Does anyone know of a good tool for "load balancing" usage across local GPUs?
Why: I have two RTX3090s (24GB). I've been using nvidia-smi to check usage of my RTX3090. Mostly I'm running llama.cpp with unsloth/Qwen3.6-27B-GGUF:Q4_K_M and getting some pretty decent results for a self hosted LLMs (orchestrated via opencode). I'm surprised at how well it is working for a local model. nvidia-smi is great for determining total VRAM usage and nvtop gives a little more insight.
But, I also am doing some experiments with some other non-LLM models (video generation, etc), and want to find a way to timeslice across these GPUs, for example, when my coding is paused.
This "Utilyze" tool appears it would get me better insight into usage of one. Can it be scripted to better utilize my GPUs across a diverse load?
Any suggestions on whether there are existing projects out there? I thought about vibe coding, but wonder if there is existing art.
Nvidia’s toolsets and APIs are under-documented, and the commercial-grade hardware itself is super unreliable.
Developers and operators just bear with the whole situation because there is no alternative. To the point that they are ready to jump to things like TPUs or other custom silicon.
Say what you will about Intel, but their documentation and the commercial-grade hardware were top-notch. I wish they find their footing and this time stay humble.
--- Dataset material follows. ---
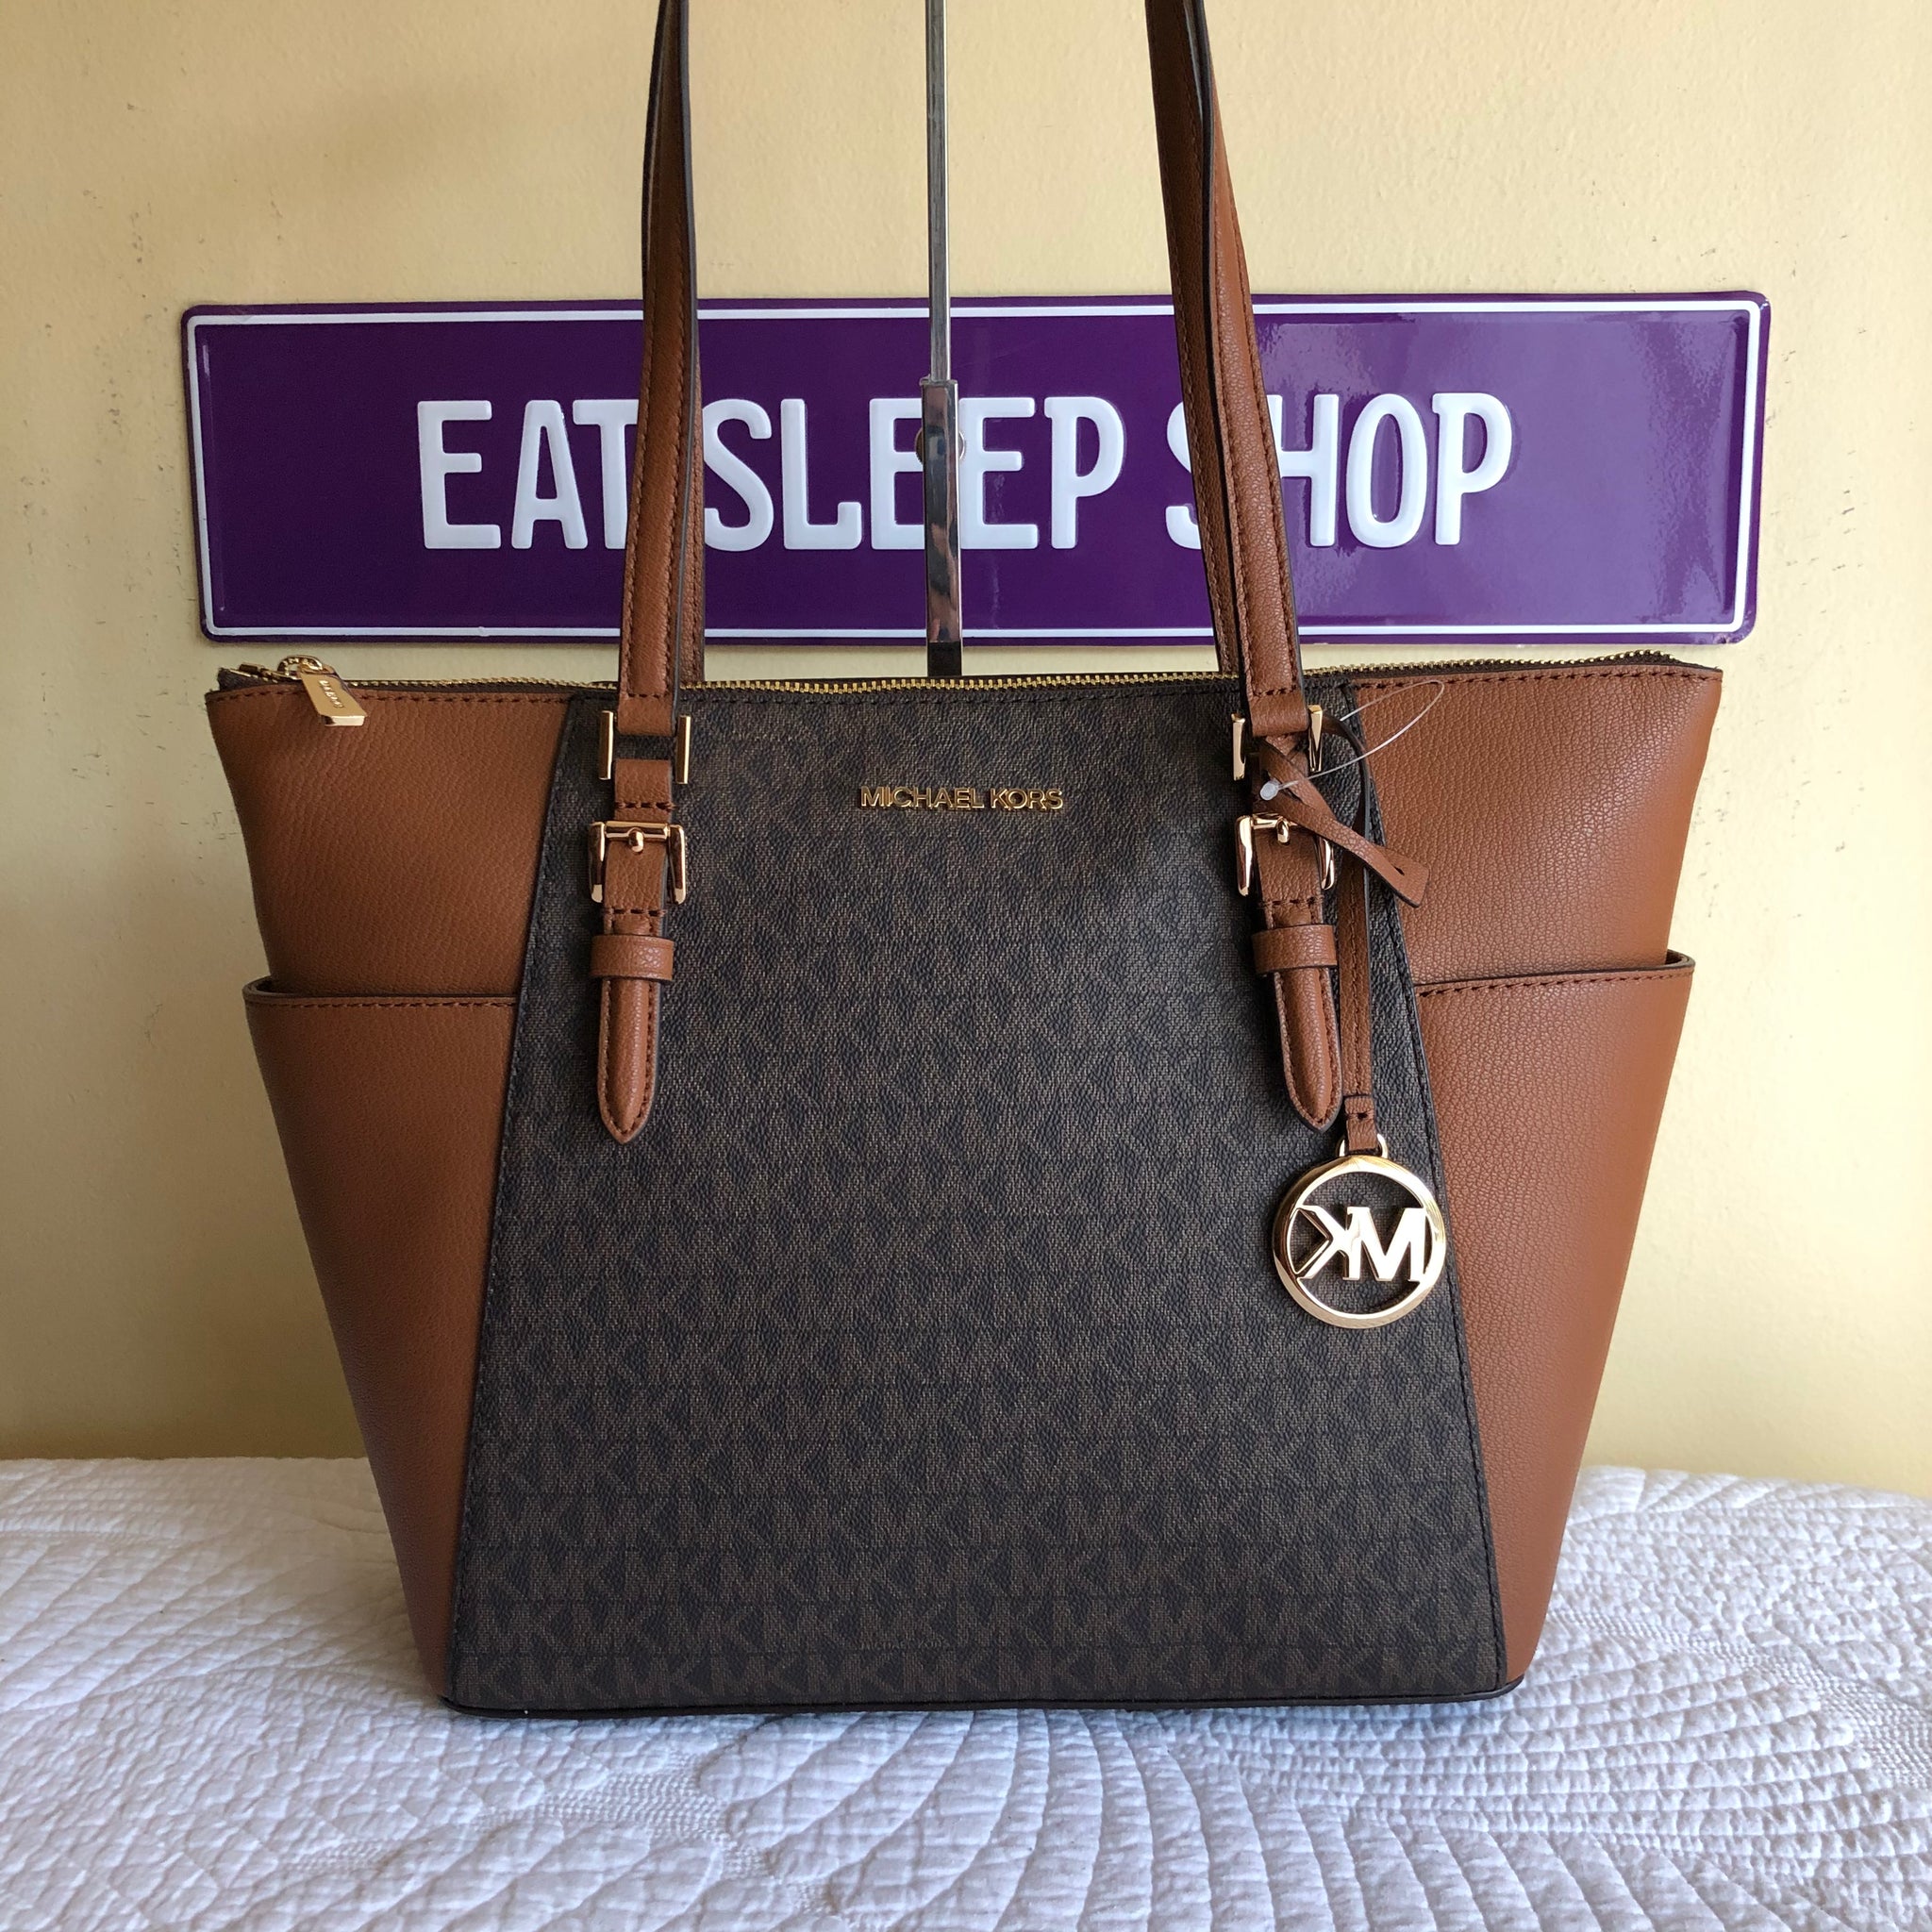 Michael Kors Charlotte Large Leather Top-Zip Tote

One thing I'd love to see in tools like this is a "memory pressure"view that shows not just current VRAM usage but how close you are to the OOM cliff for the workload you're running. Running quantized LLMs on consumer GPUs (e.g. Q4_K_M Gemma 4 E4B on an 8GB card), you can be at 95% utilization and totally fine, or at 80% and one context spike away from a crash. nvtop and nvidia-smi give you the number but not the headroom.
Whether that's feasible without instrumenting the workload specifically is another question. But it's the metric I actually care about when I'm picking quantization levels.